In an Aug 30 report on Leong Hup, Maybank IB Research says the DOC and broiler ASPs for July and August have rebounded 50% and 34% respectively, compared with 2Q2019.
“As at end-August, the ASPs of Malaysian DOC and broilers are RM1.90 per kg and RM5 per kg respectively,” the research house says.
Apart from the recovery in prices of eggs and broilers, there seems to be more good news for poultry companies as they are expected to leverage the cheaper commodity prices, at least in the near term. The prices of corn and soy, which make up the bulk of the ingredients for the feed for chickens, have declined on a year-on-year basis.
“Corn makes up 55% of the feed ingredients while soybeans make up 25%. If the prices of these raw materials decline, it will definitely help reduce the cost pressure on these farmers,” says PublicInvest Research’s Chong.
As to whether or not commodity prices will continue to stay low will depend on whether the African swine flu, which has affected about one third of Chinese farms, is resolved.
“As we know it, China is a big importer of soy.
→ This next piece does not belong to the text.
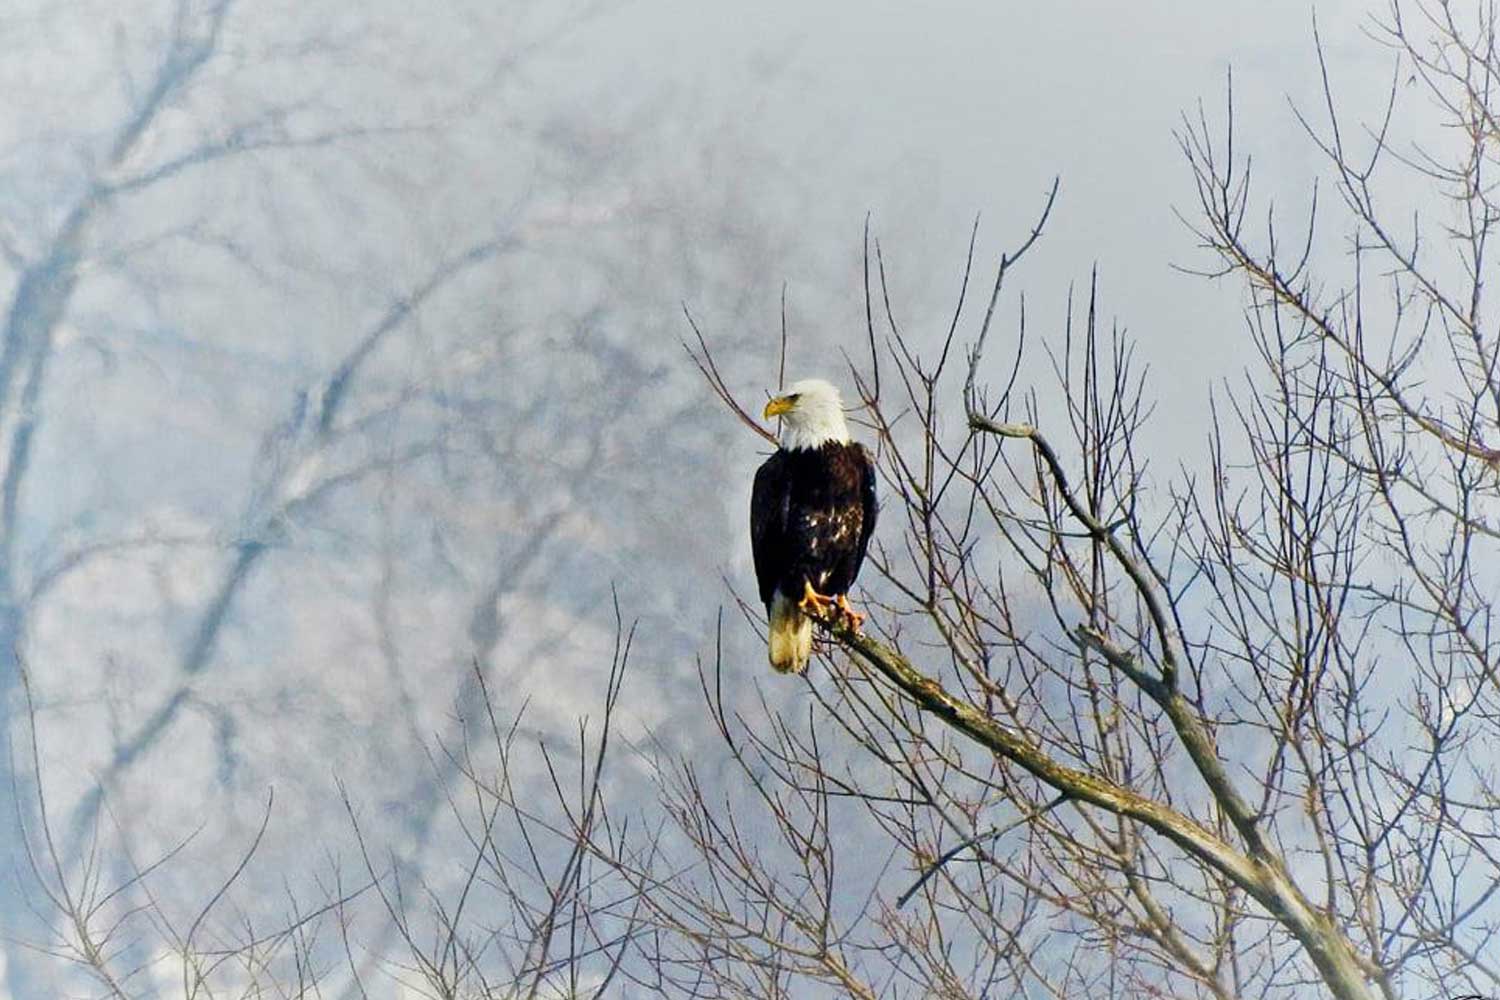 A bald eagle perched at the end of the branch surrounded by bare trees.

The swine flu has reduced China’s demand for soybeans and this has caused prices to fall about 10% year on year,” he says.
In an initiation report on Leong Hup by HLIB Research late last month, the research house highlights that feed prices represent the second largest variable component in the group’s livestock business.
“We note that the prices of both corn and soybean meal have eased since July, as weather concerns in the US (the world’s largest corn producer) eased, which has, in turn, resulted in corn prices trending downwards, and demand concerns arising from the African swine flu outbreak and trade escalations,” notes HLIB Research.
For the near to medium term, the Food and Agricultural Policy Research Institute forecasts that grain prices will remain low due to the swine flu outbreak in China as well as the US-China trade tensions.
“We note that lower feed prices augur well for the livestock production cost as feed is the main cost component in producing livestock,” says HLIB Research.
In the meantime, all eyes will be on poultry farmers to see whether better earnings will come their way in the coming quarters on the back of stable selling prices and lower feed cost.